* **Task requirements**: In this exercise, return the whole listing exactly, excluding any images.

* **Available data**:

______

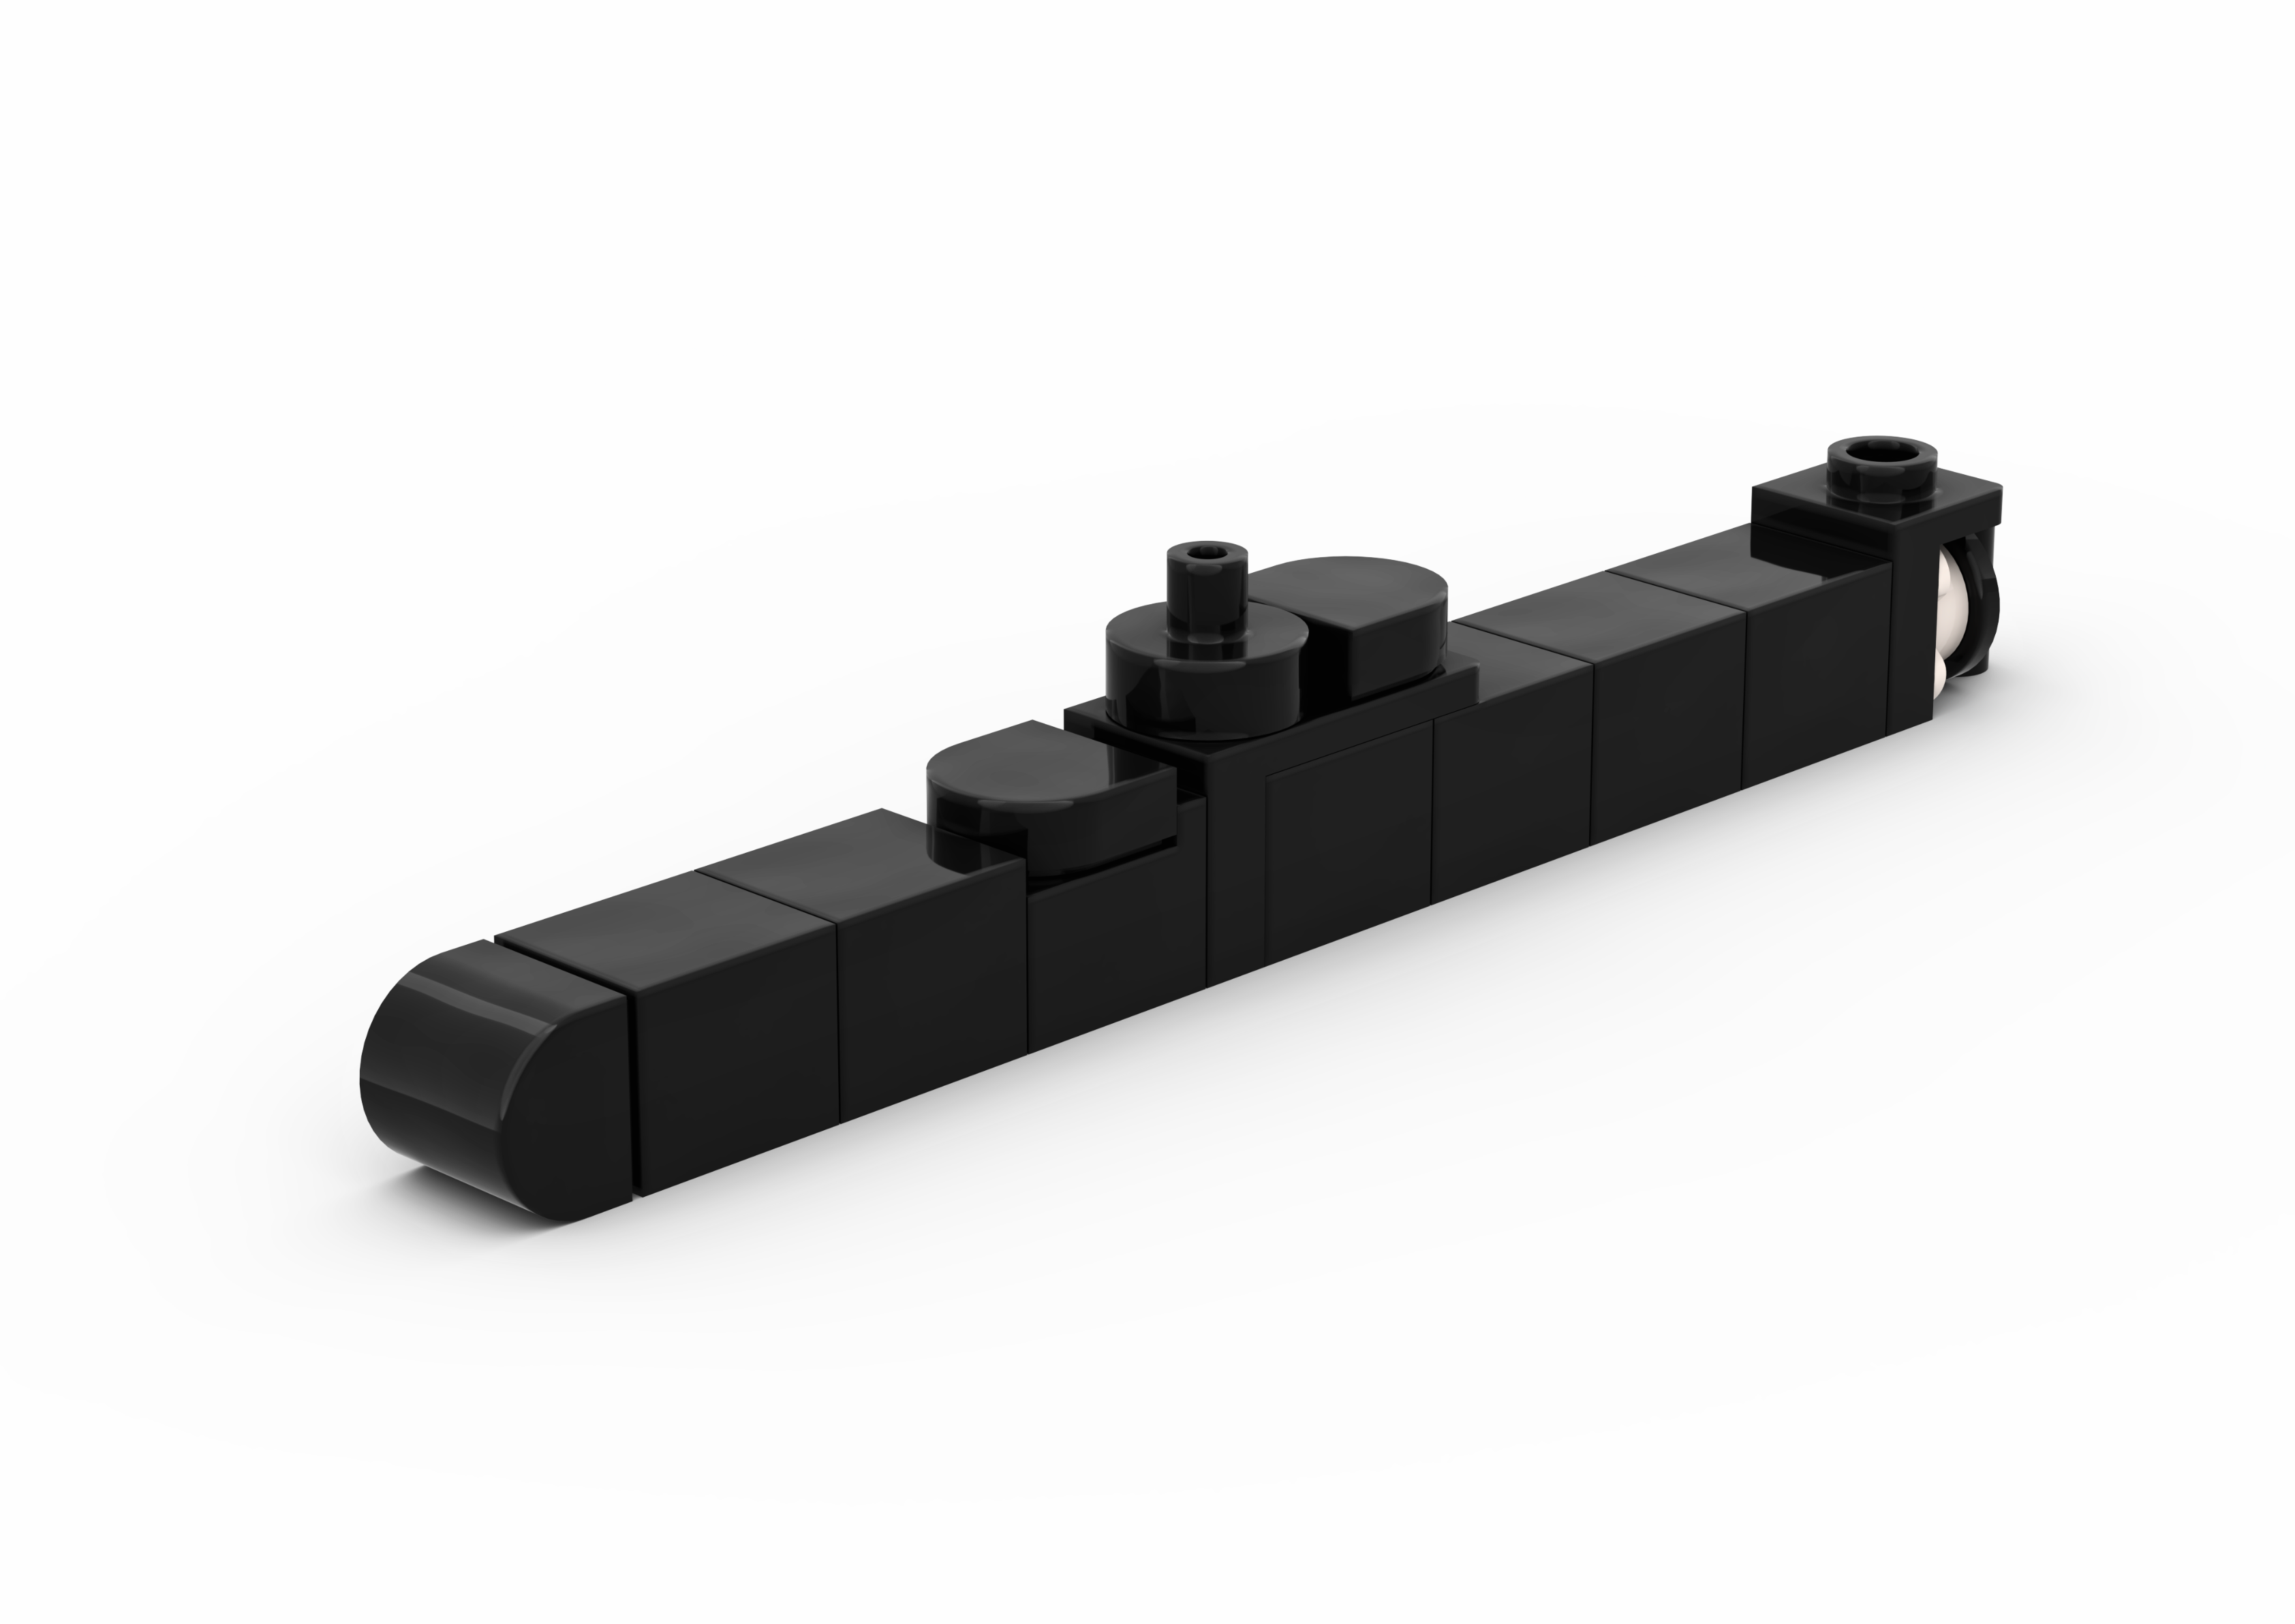 3D rendered image of the LEGO Micro Nuclear Submarine MOC.
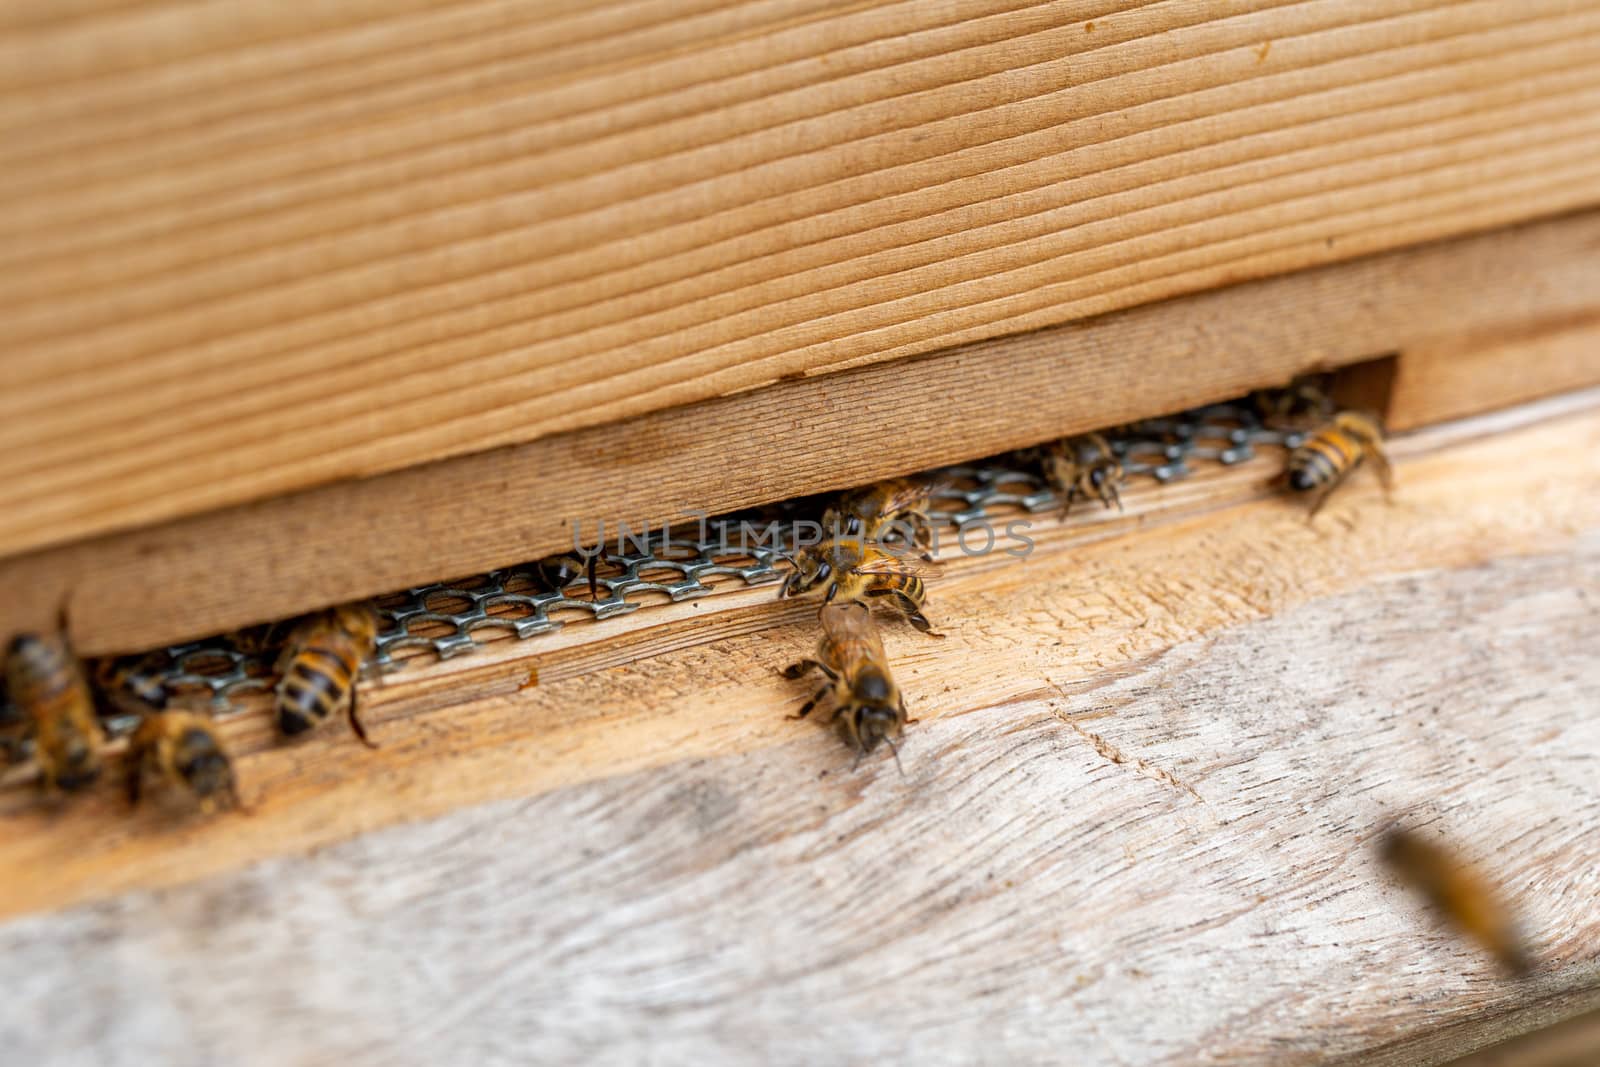 Bees on a wooden beehive in a UK garden by magicbones
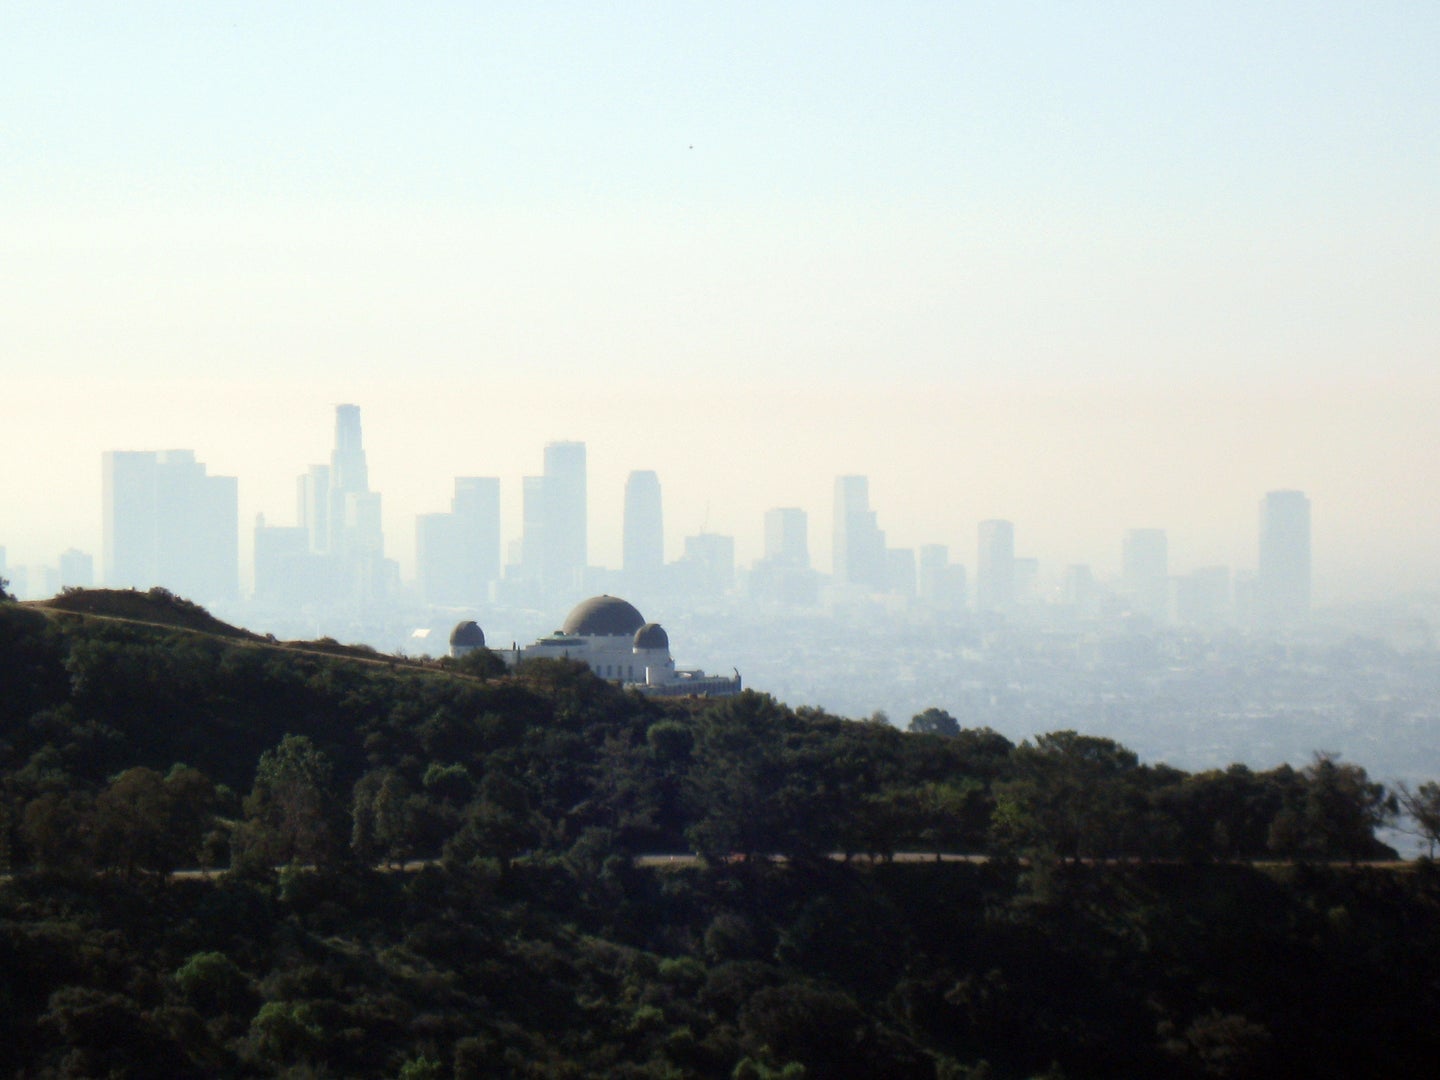 California Plans To Drastically Cut Carbon Emissions By 2030
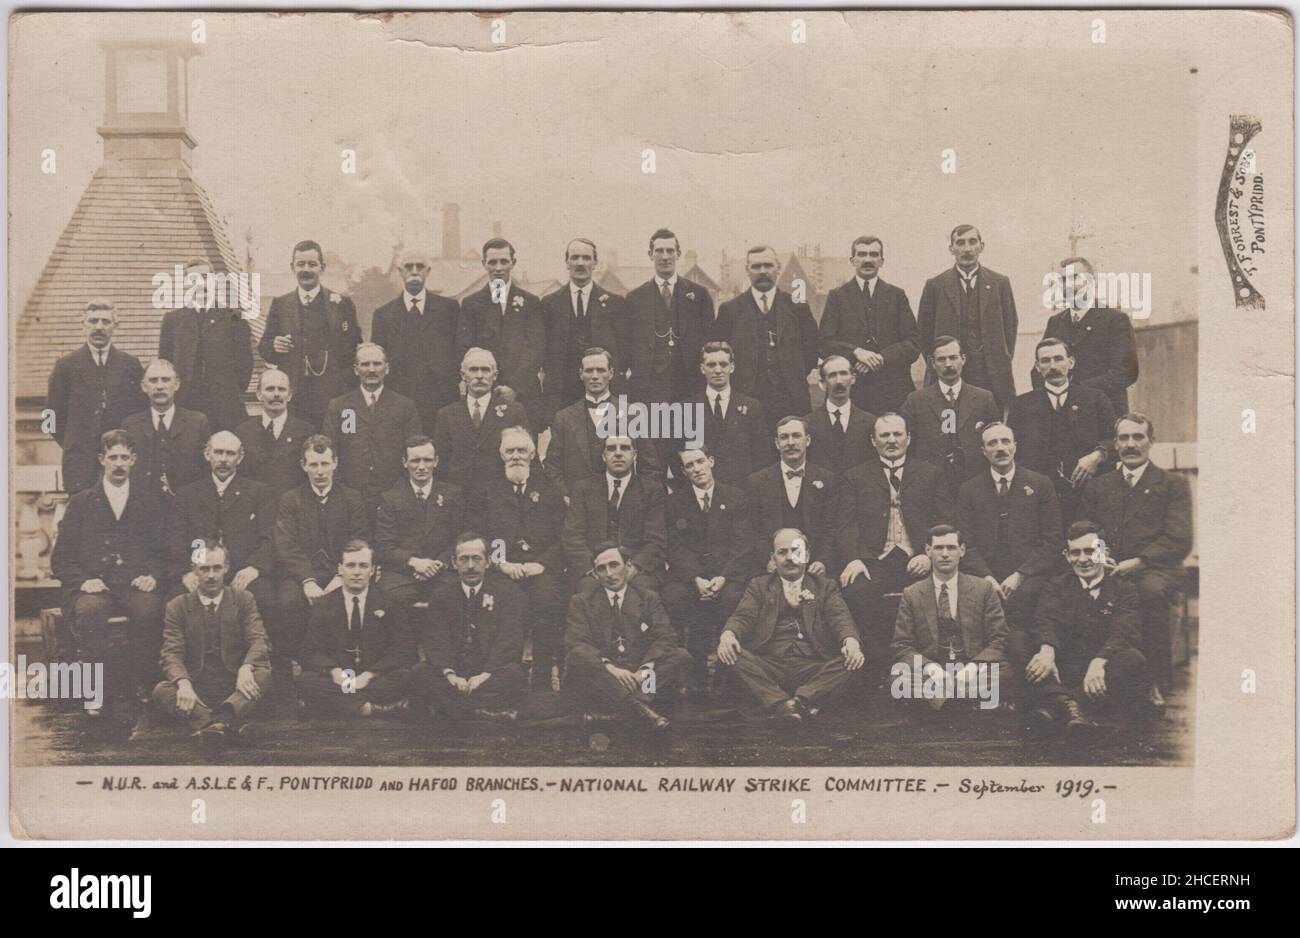 National Union of Railwaymen (NUR) & Associated Society of Locomotive Engineers and Firemen (ASLEF) Pontypridd & Hafod branches, National Railway Strike Committee, September 1919. Group of men photographed outside during the 1919 railway strike Stock Photo

______

* **Expected answer**:
 3D rendered image of the LEGO Micro Nuclear Submarine MOC.
 Bees on a wooden beehive in a UK garden by magicbones
 California Plans To Drastically Cut Carbon Emissions By 2030
 National Union of Railwaymen (NUR) & Associated Society of Locomotive Engineers and Firemen (ASLEF) Pontypridd & Hafod branches, National Railway Strike Committee, September 1919. Group of men photographed outside during the 1919 railway strike Stock Photo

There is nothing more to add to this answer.